• Problem description: Copy exactly the stretch of lines from the one holding "Chaparral H2O 21 - 21bleu" through the last line of the data below, inclusive. Leave out pictures.

• Dataset excerpt:
---*---

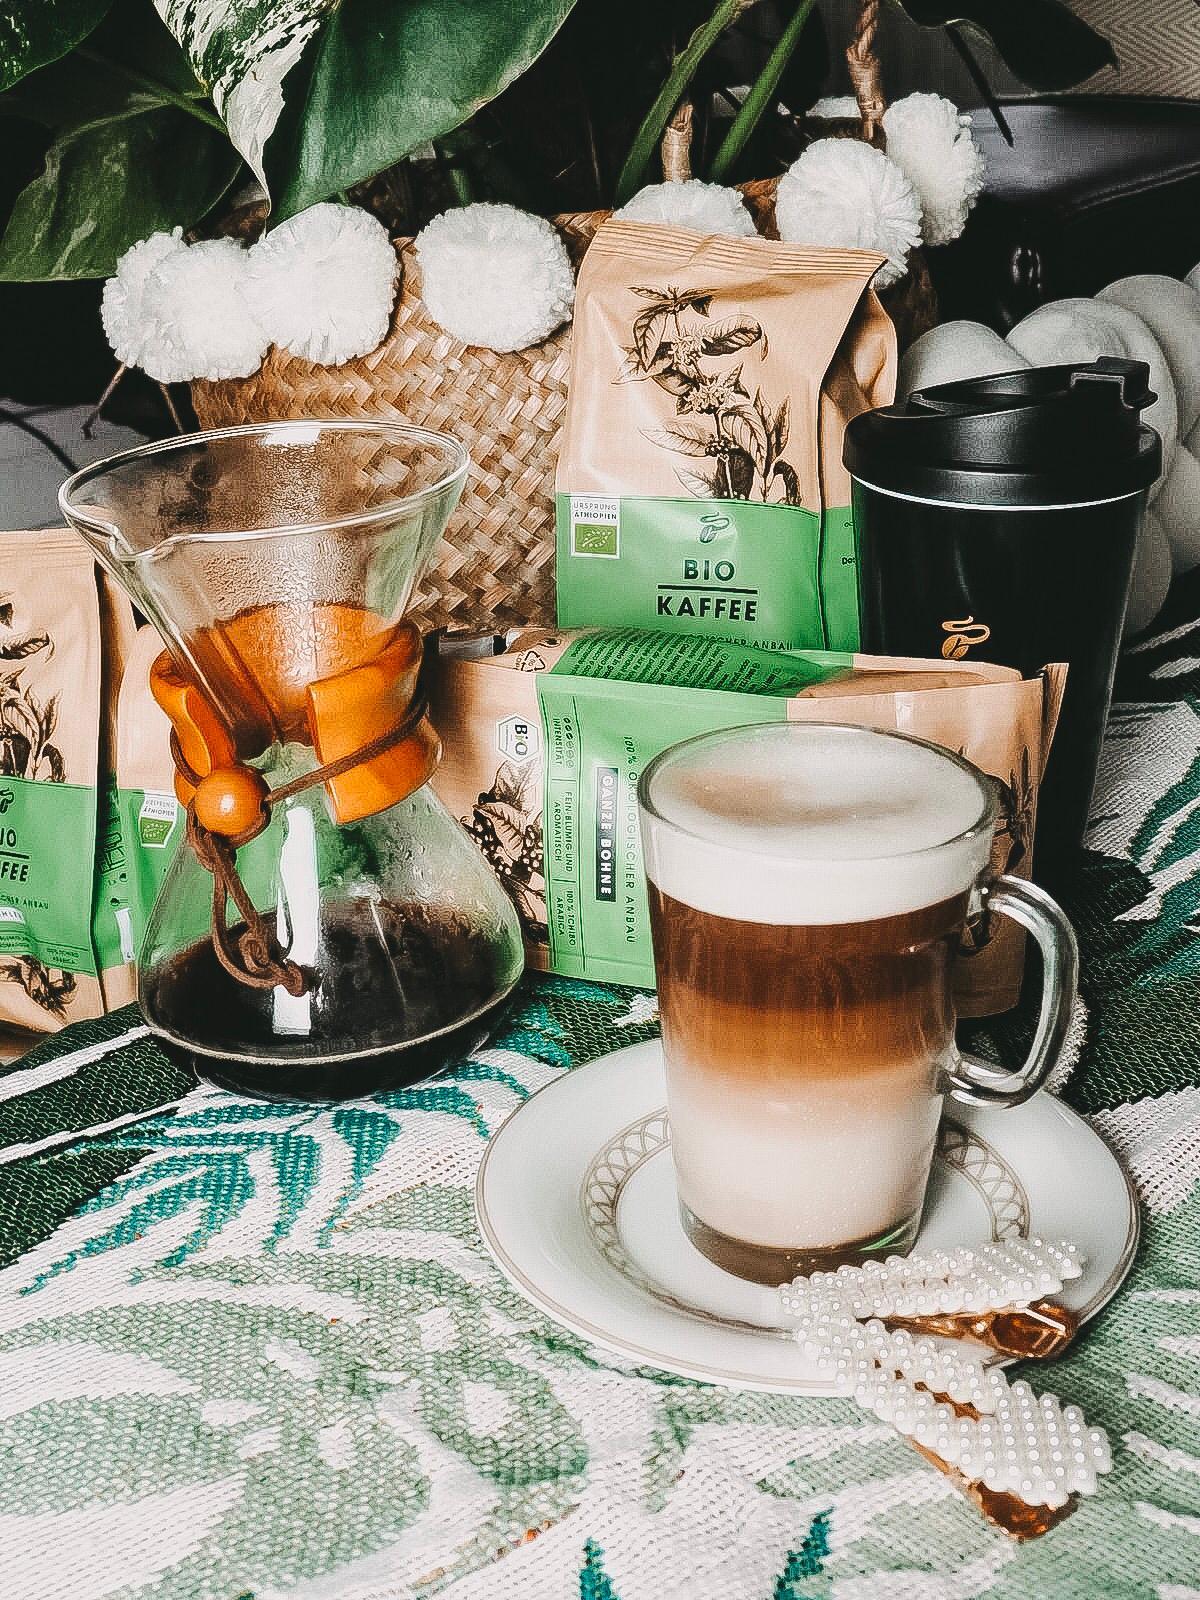 Der Bio Kaffee von Tchibo hat das Bio Siegel und ist Rainforest Alliance Certified
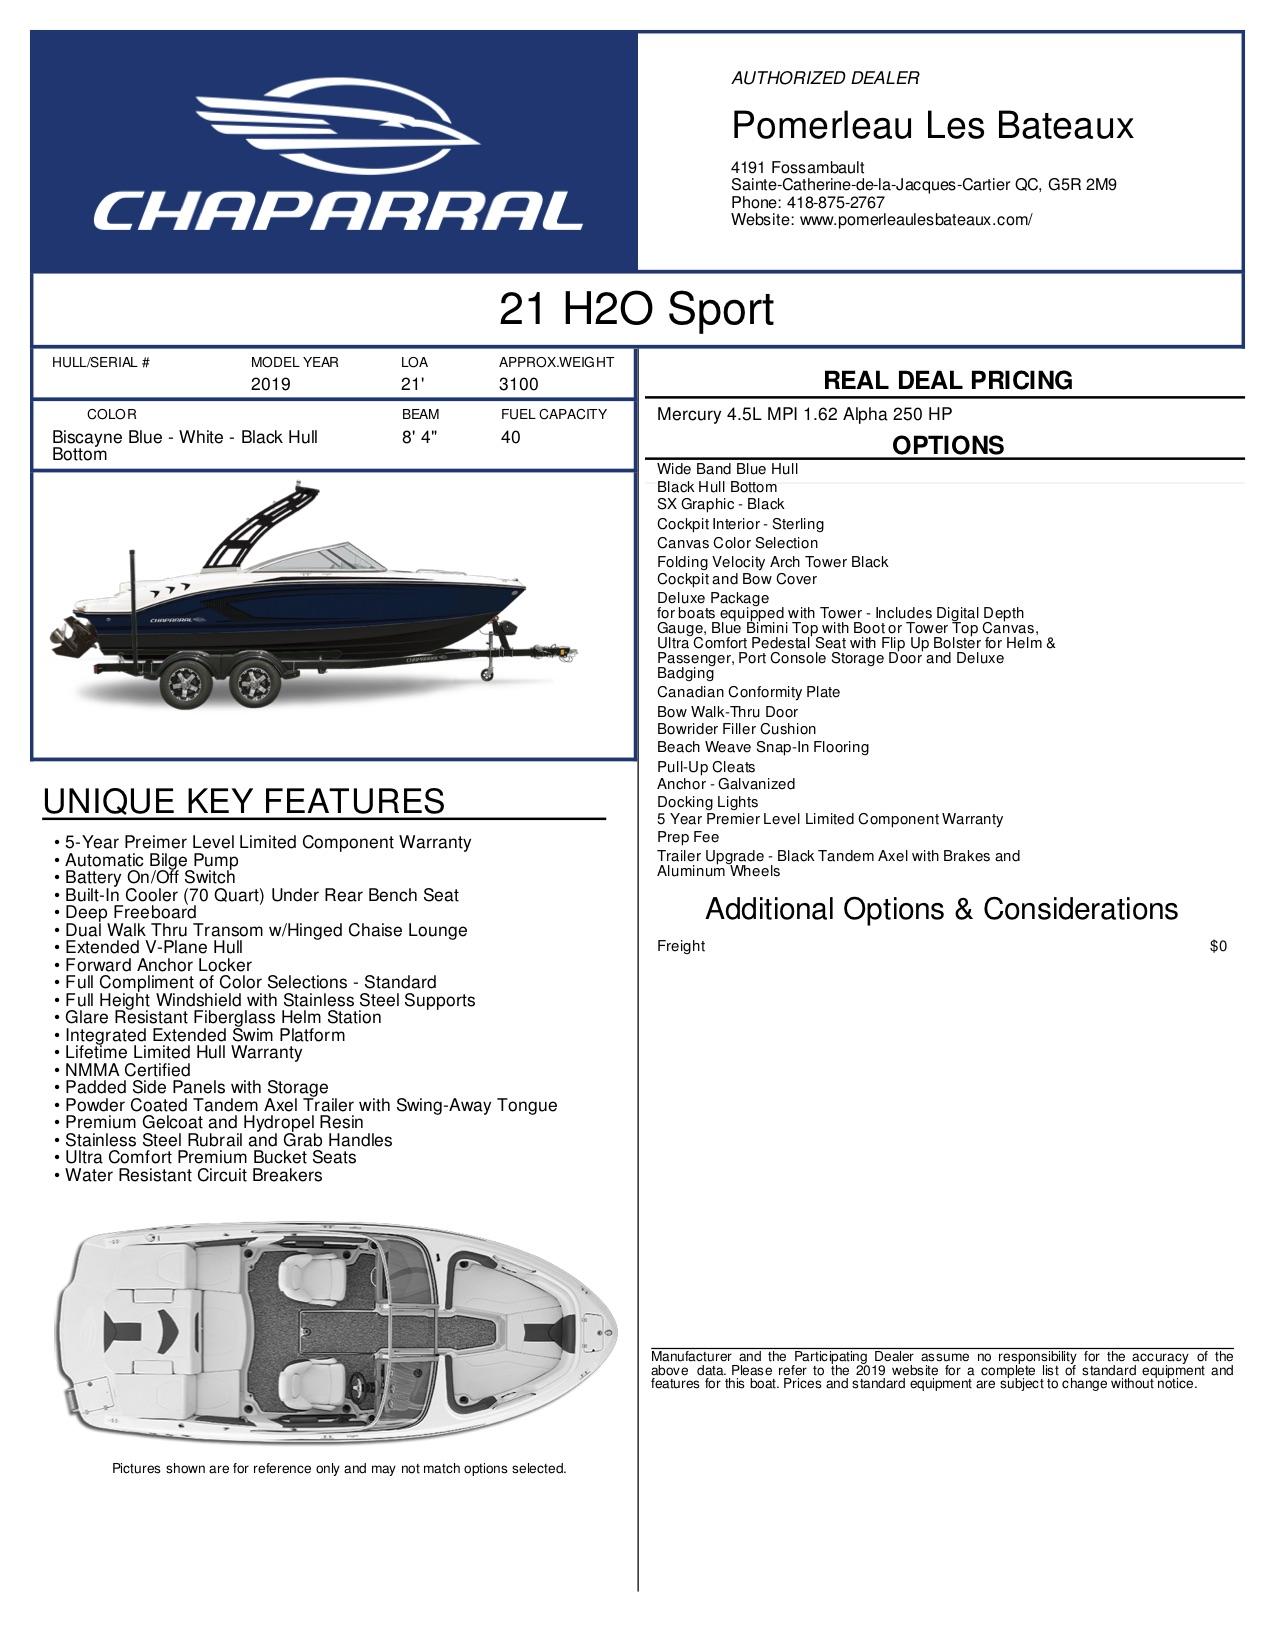 Chaparral H2O 21 - 21bleu
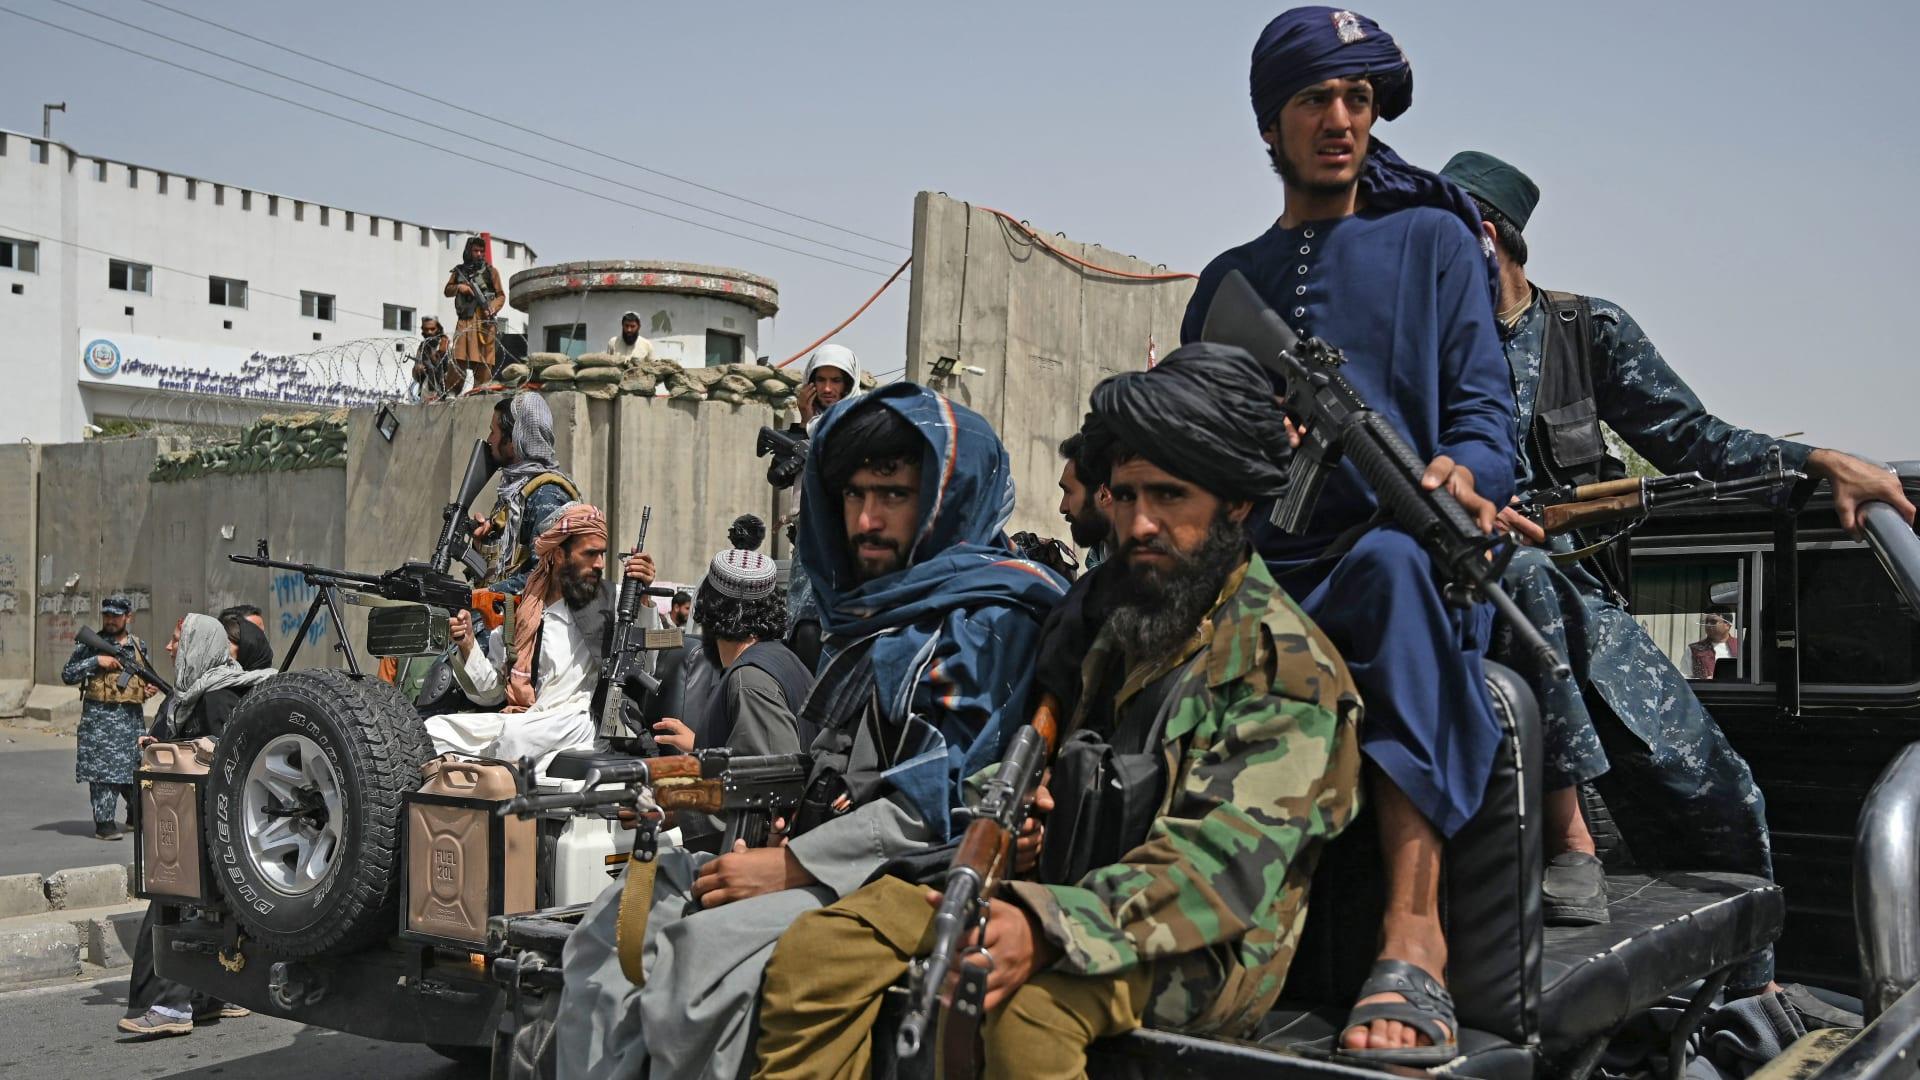 وزير الدفاع في حكومة طالبان يحذر مقاتلي الحركة من القتل التعسفي وسوء السلوك

---*---

• Response for this exercise:
 Chaparral H2O 21 - 21bleu
 وزير الدفاع في حكومة طالبان يحذر مقاتلي الحركة من القتل التعسفي وسوء السلوك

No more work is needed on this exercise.